Let's set up a simple axisymmetric model with the following parameters:
rinner = 0.002;
len = 0.1;
(* No gradients in the z-direction so make len small for now *)
len = rinner/5;
tend = 200;
Deff = 8*10^-9;
(* Porosity *)
epsilon = 0.5;
We will create an operator, initialize the domain to a concentration of 1, impart a DirichletCondition of 0 on the outer wall (named rinner for now), and create a couple of visualizations.
(* Set up the operator *)
op = TimeMassTransportModelAxisymmetric[c[t, r, z], t, {r, z}, Deff,
"NoFlow", "NoReaction", epsilon];
(* Create Domain *)
Ω2Daxi = Rectangle[{0, 0}, {rinner, len}];
(* Setup Boundary and Initial Conditions *)
Subscript[Γ, wall] =
DirichletCondition[c[t, r, z] == 0, r == rinner];
ic = c[0, r, z] == 1;
(* Solve PDE *)
cfun = NDSolveValue[{op == 0, Subscript[Γ, wall], ic},
c, {t, 0, tend}, {r, z} ∈ Ω2Daxi];
(* Setup ContourPlot Visualiztion *)
cRange = MinMax[cfun["ValuesOnGrid"]];
legendBar =
BarLegend[{"TemperatureMap", cRange(*{0,1}*)}, 10,
LegendLabel ->
Style["[!(*FractionBox[(mol), SuperscriptBox[(m),
(3)]])]", Opacity[0.6`]]];
options = {PlotRange -> cRange,
ColorFunction -> ColorData[{"TemperatureMap", cRange}],
ContourStyle -> Opacity[0.1`], ColorFunctionScaling -> False,
Contours -> 30, PlotPoints -> 100, FrameLabel -> {"r", "z"},
PlotLabel -> Style["Concentration Field: c(t,r,z)", 18],
AspectRatio -> 1, ImageSize -> 250};
nframes = 30;
frames = Table[
Legended[
ContourPlot[cfun[t, r, z], {r, z} ∈ Ω2Daxi,
Evaluate[options]], legendBar], {t, 0, tend, tend/nframes}];
frames = Rasterize[#1, "Image", ImageResolution -> 100] & /@ frames;
ListAnimate[frames, SaveDefinitions -> True, ControlPlacement -> Top]

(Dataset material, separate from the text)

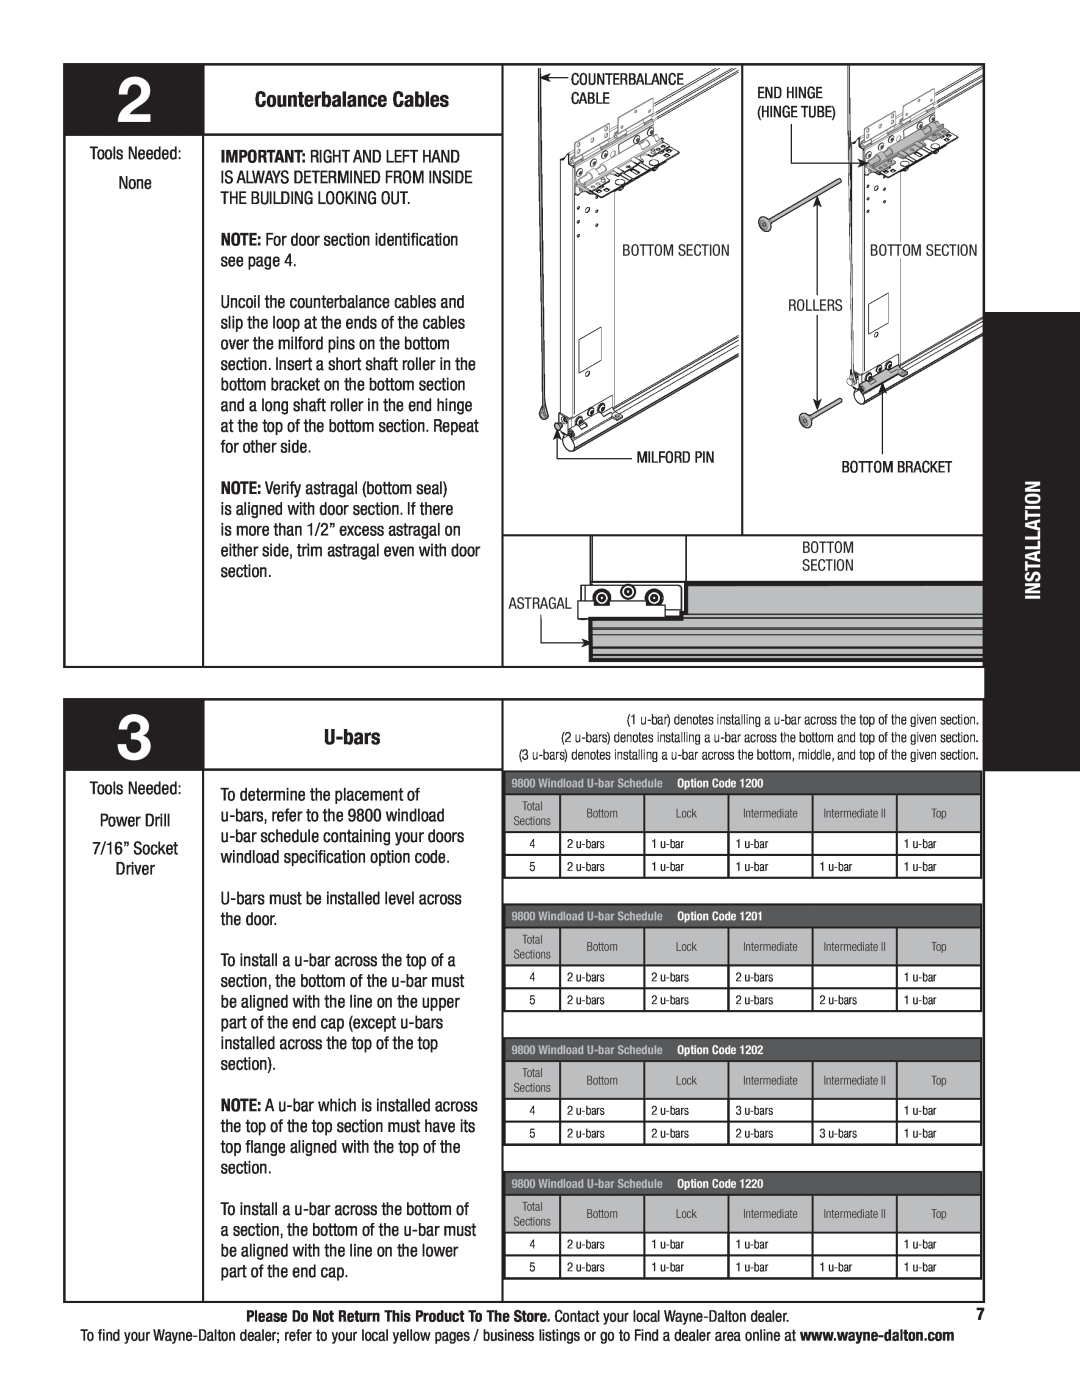 Wayne-Dalton 9800 installation instructions Counterbalance Cables, U-bars

(* Setup Fake 3D Visualization *)
nframes = 40;
axisymPlot =
Function[{t},
Legended[
RegionPlot3D[
x^2 + y^2 <= (rinner)^2 &&
0 <= PlanarAngle[{0, 0} -> {{rinner, 0}, {x, y}}] <= (4 π)/
3, {x, -rinner, rinner}, {y, -rinner, rinner}, {z, 0, len},
PerformanceGoal -> "Quality", PlotPoints -> 50,
PlotLegends -> None, PlotTheme -> "Detailed", Mesh -> None,
AxesLabel -> {x, y, z}, ColorFunctionScaling -> False,
ColorFunction ->
Function[{x, y, z},
Which[x^2 + y^2 >= (rinner)^2, Blue, True,
ColorData[{"TemperatureMap", cRange}][
cfun[t, Sqrt[x^2 + y^2], z]]]], ImageSize -> Medium,
PlotLabel ->
Style[StringTemplate["Concentration Field at t = `` [s]"][
ToString@PaddedForm[t, {3, 4}]], 12]], legendBar]];
framesaxi = Table[axisymPlot[t], {t, 0, tend, tend/nframes}];
framesaxi =
Rasterize[#1, "Image", ImageResolution -> 100] & /@ framesaxi;
ListAnimate[framesaxi, SaveDefinitions -> True,
ControlPlacement -> Top]
The system responds in about 200 s, indicating that 10,000 s end time may be excessive for a small diameter system.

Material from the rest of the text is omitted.